- Opening Delimiter -

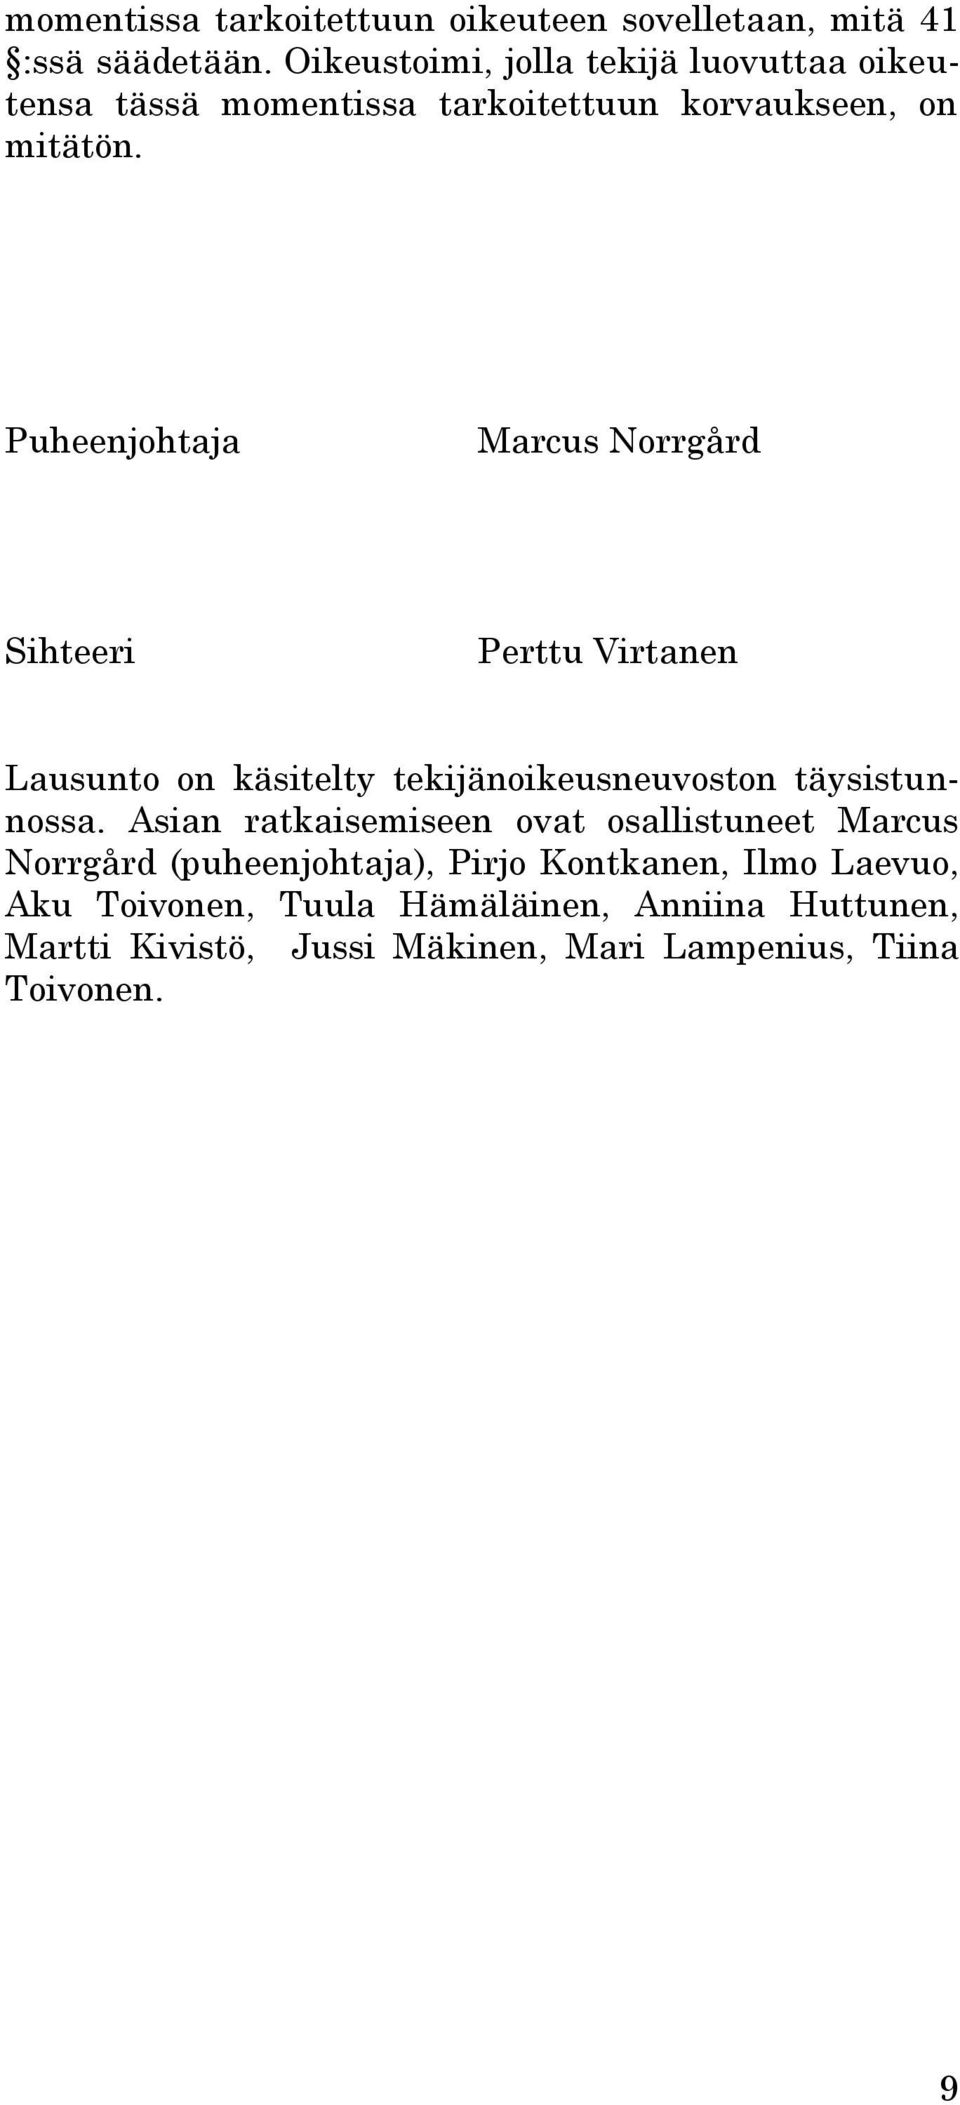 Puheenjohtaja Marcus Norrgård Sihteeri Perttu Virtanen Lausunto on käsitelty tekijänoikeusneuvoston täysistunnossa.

- Closing Delimiter -
- Opening Delimiter -

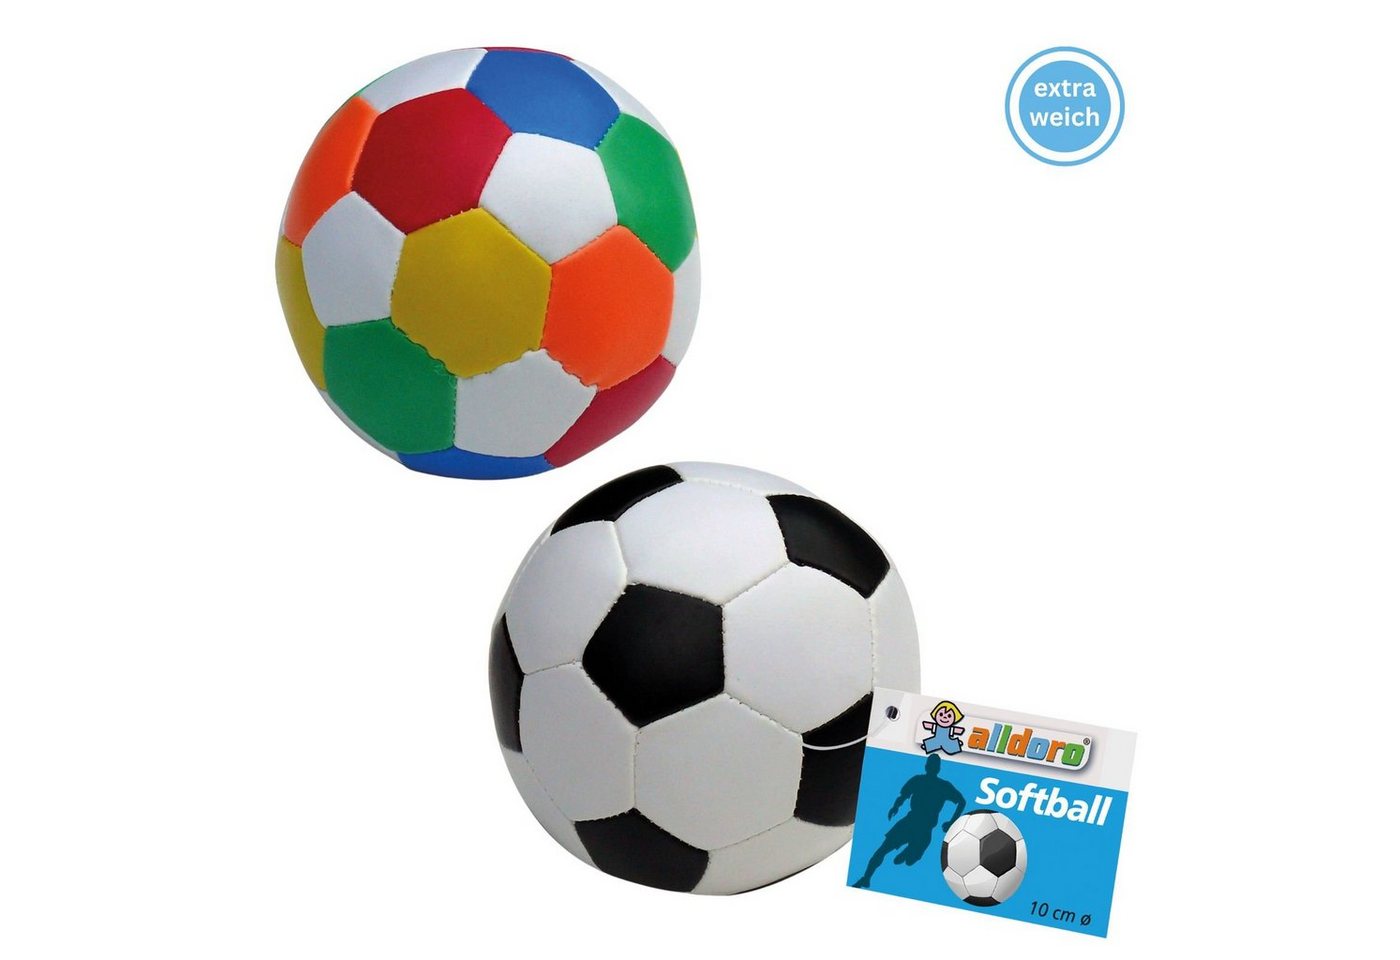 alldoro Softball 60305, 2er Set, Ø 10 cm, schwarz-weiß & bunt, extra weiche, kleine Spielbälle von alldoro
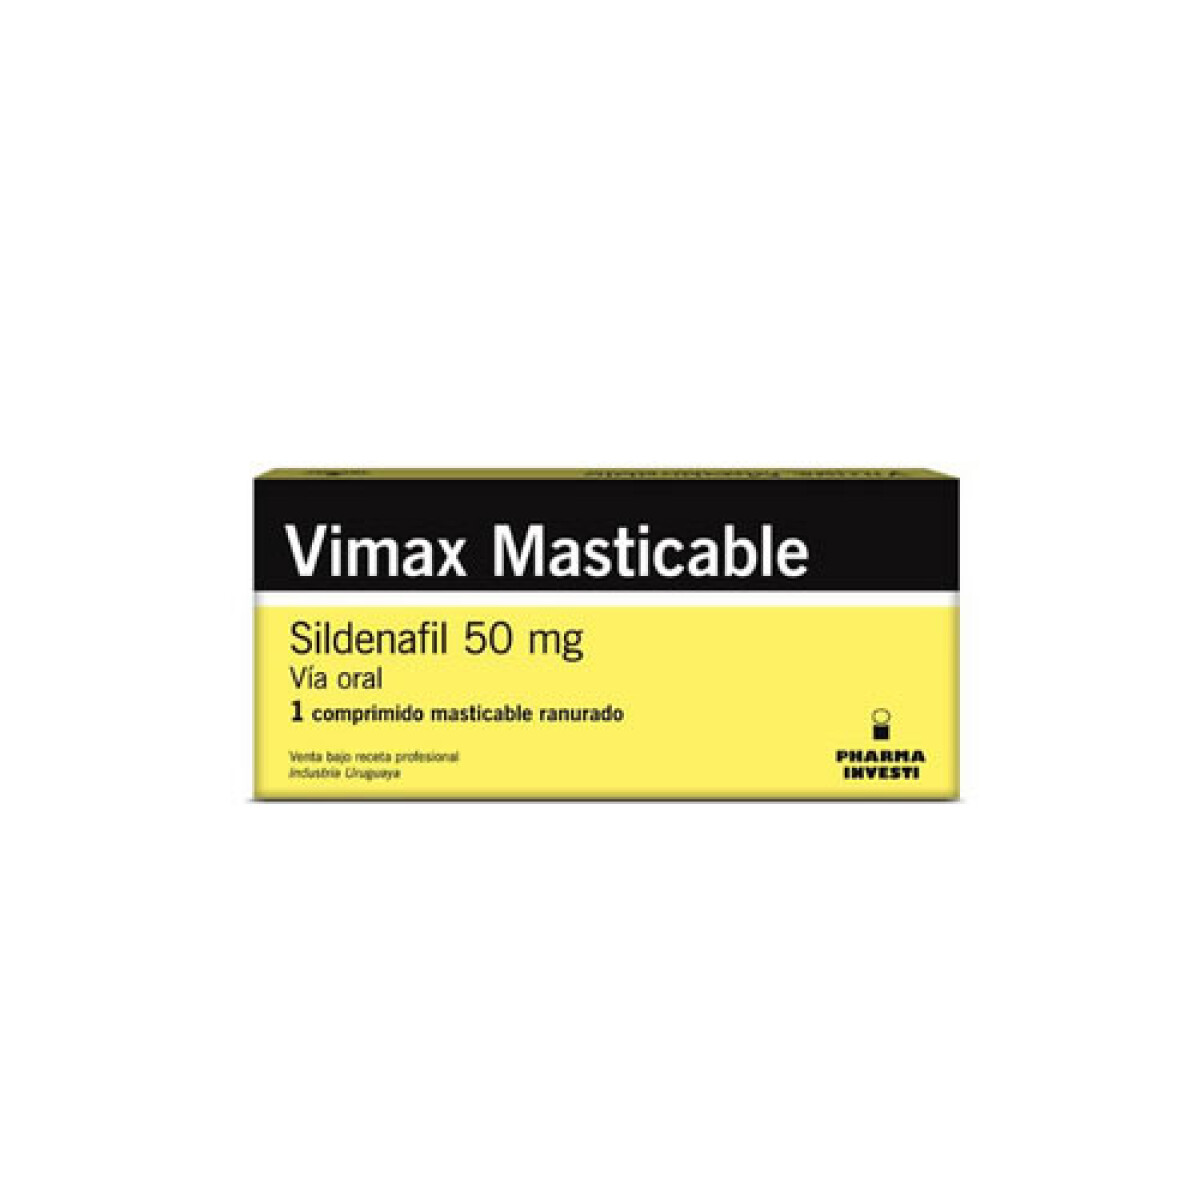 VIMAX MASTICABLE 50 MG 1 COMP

- Closing Delimiter -

| Required work |
Take the material above from the line bearing "alldoro Softball 60305, 2er" through the line bearing "VIMAX MASTICABLE 50 MG 1 COMP" and write it out exactly, both end lines included. Pictures stay out.

| Solution for this problem |
 alldoro Softball 60305, 2er Set, Ø 10 cm, schwarz-weiß & bunt, extra weiche, kleine Spielbälle von alldoro
 VIMAX MASTICABLE 50 MG 1 COMP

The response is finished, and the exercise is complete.